Setting up data loaders for both training and validation.
num_inputs = 784
num_outputs = 10
batch_size = 64
num_examples = 60000
train_iter = MXNet::IO::MNISTIter.new(
image: File.join(@data_dir, 'train-images-idx3-ubyte'),
label: File.join(@data_dir, 'train-labels-idx1-ubyte'),
batch_size: batch_size,
shuffle: true)
val_iter = MXNet::IO::MNISTIter.new(
image: File.join(@data_dir, 't10k-images-idx3-ubyte'),
label: File.join(@data_dir, 't10k-labels-idx1-ubyte'),
batch_size: batch_size,
shuffle: false)
nil
Initialize the weights and biases of the neural network.
#######################
# Set some constants so it's easy to modify the network later
#######################
num_hidden = 256
weight_scale = 0.01
#######################
# Allocate parameters for the first hidden layer
#######################
@w1 = MXNet::NDArray.random_normal(shape: [num_inputs, num_hidden], scale: weight_scale, ctx: @model_ctx)

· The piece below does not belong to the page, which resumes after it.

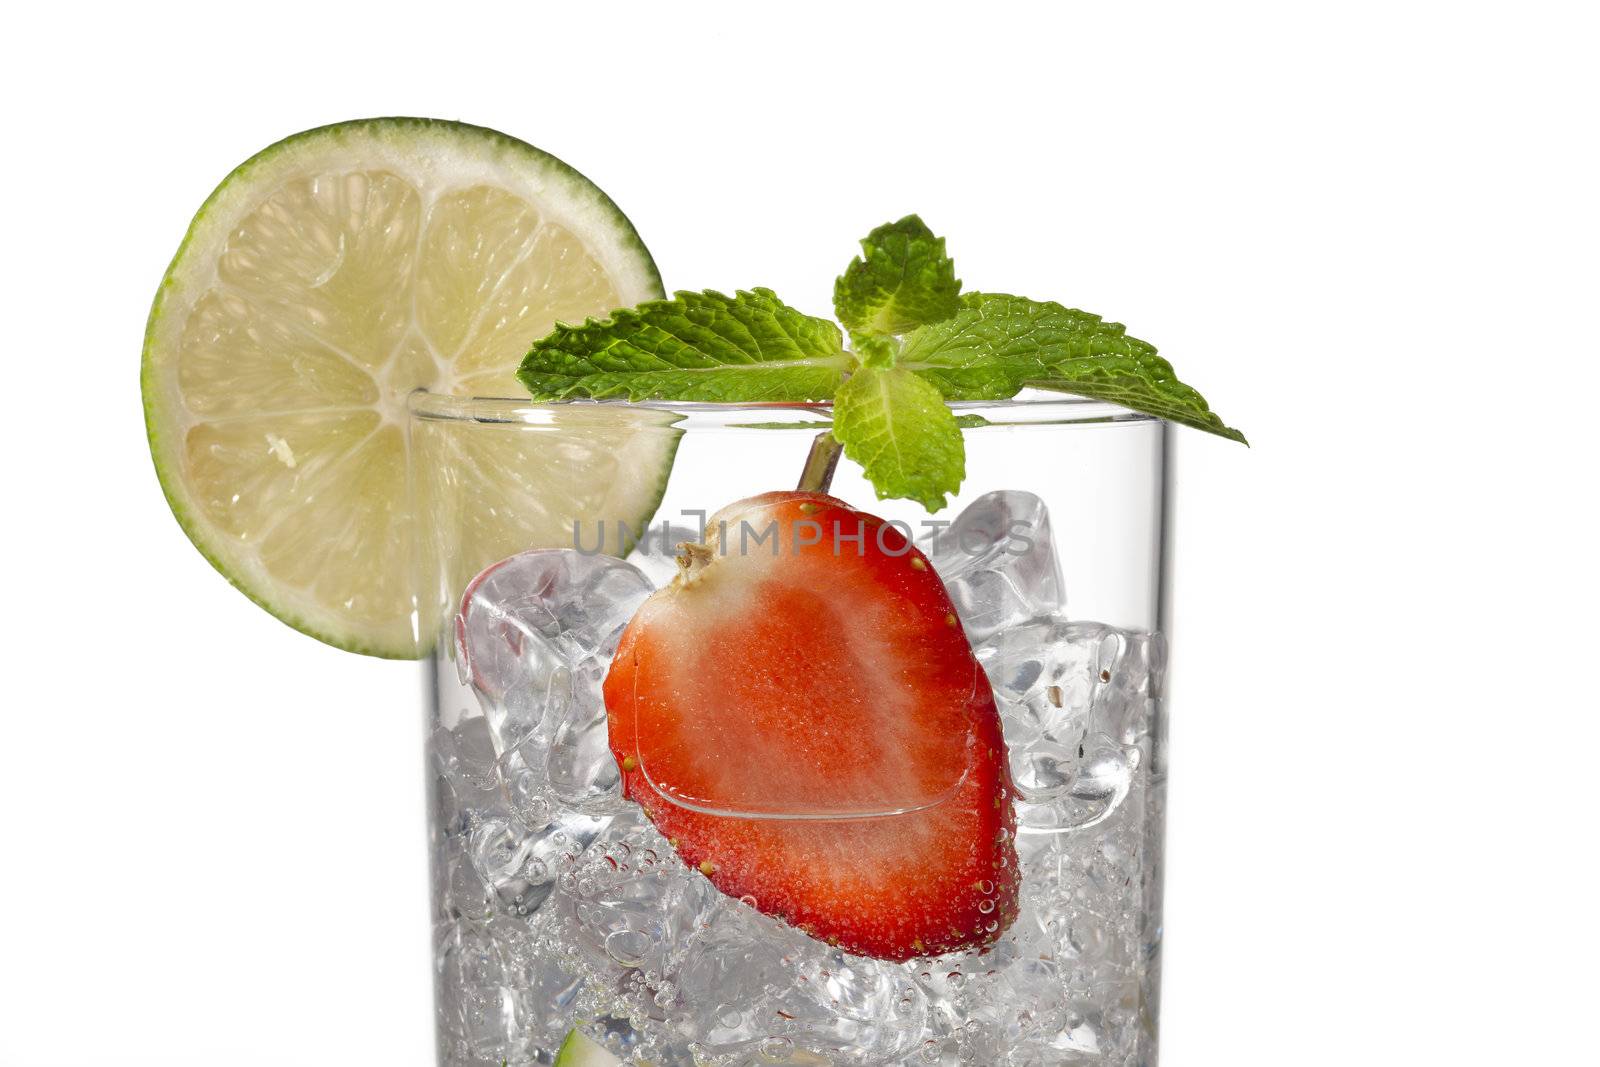 cropped image of a glass with ice cubes strawberry slice and lem by kozzi

@b1 = MXNet::NDArray.random_normal(shape: [num_hidden], scale: weight_scale, ctx: @model_ctx)
#######################
# Allocate parameters for the second hidden layer
#######################
@w2 = MXNet::NDArray.random_normal(shape: [num_hidden, num_hidden], scale: weight_scale, ctx: @model_ctx)
@b2 = MXNet::NDArray.random_normal(shape: [num_hidden], scale: weight_scale, ctx: @model_ctx)
#######################
# Allocate parameters for the output layer
#######################
@w3 = MXNet::NDArray.random_normal(shape: [num_hidden, num_outputs], scale: weight_scale, ctx: @model_ctx)
@b3 = MXNet::NDArray.random_normal(shape: [num_outputs], scale: weight_scale, ctx: @model_ctx)
nil
Mark all the parameters to be calculated their gradients automatically.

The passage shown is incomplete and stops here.